Personal information
- Born: January 30, 1970 (age 56) St. Louis, Missouri, U.S.
- Listed height: 6 ft 3 in (1.91 m)
- Listed weight: 292 lb (132 kg)

Career information
- High school: Hazelwood Central (Florissant, Missouri)
- College: Missouri (1988–1991)
- NFL draft: 1992: 10th round, 266th overall pick

Career history
- New York Jets (1992–1993); New England Patriots (1993); Cleveland Browns (1994–1995)*;
- * Offseason or practice squad member only
- Stats at Pro Football Reference

= Mario Johnson =

American football player (born 1970)

Mario Chavez Johnson Jr. (born January 30, 1970) is an American former professional football defensive tackle who played in the National Football League (NFL) with the New York Jets and New England Patriots. He played college football for the Missouri Tigers and was selected by the Jets in the tenth round of the 1992 NFL draft.

==Early life==
Mario Chavez Johnson Jr. was born on January 30, 1970, in St. Louis, Missouri. He played high school football at Hazelwood Central in Florissant, Missouri. He earned USA Today All-USA High School Football Team honors in 1987.

==College career==
In February 1988, Johnson committed to the University of Missouri to play college football for the Tigers, joining his brother Lee. He was later ruled academically ineligible for the 1988 season, and was a three-year letterman from 1989 to 1991.

==Professional career==
Johnson was selected by the New York Jets in the tenth round, with the 266th overall pick, of the 1992 NFL draft. He signed with the team on July 23. He played in 14 games for the Jets during the 1992 season as a reserve defensive tackle and posted two sacks. Johnson was waived on September 22, 1993, after not not playing in the first two games of the 1993 season.

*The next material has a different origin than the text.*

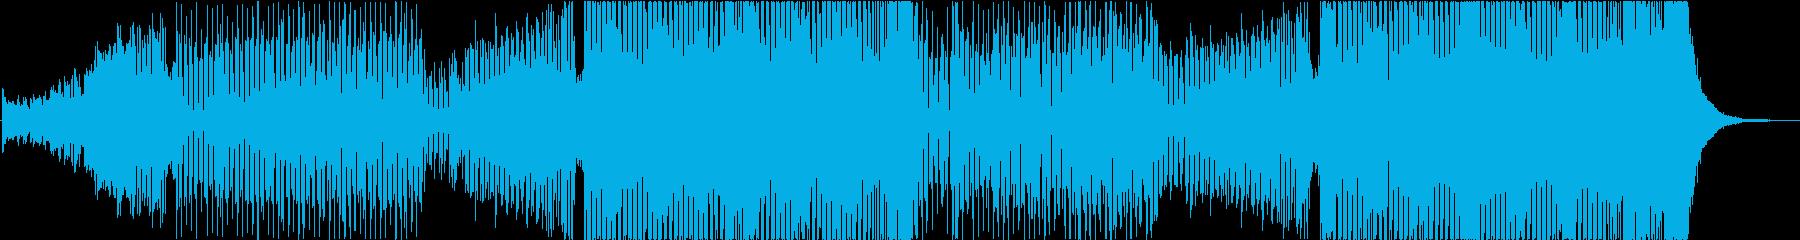 パワフルなブラスが入った洋楽風EDMの再生済みの波形

Johnson was claimed off waivers by the New England Patriots on September 23, 1993. He played in six games for the Patriots in 1993 as a backup defensive tackle. He was later released on July 17, 1994.

Johnson signed with the Cleveland Browns on July 20, 1994. He was released on August 28, 1994, re-signed on April 17, 1995, and released again on July 19, 1995.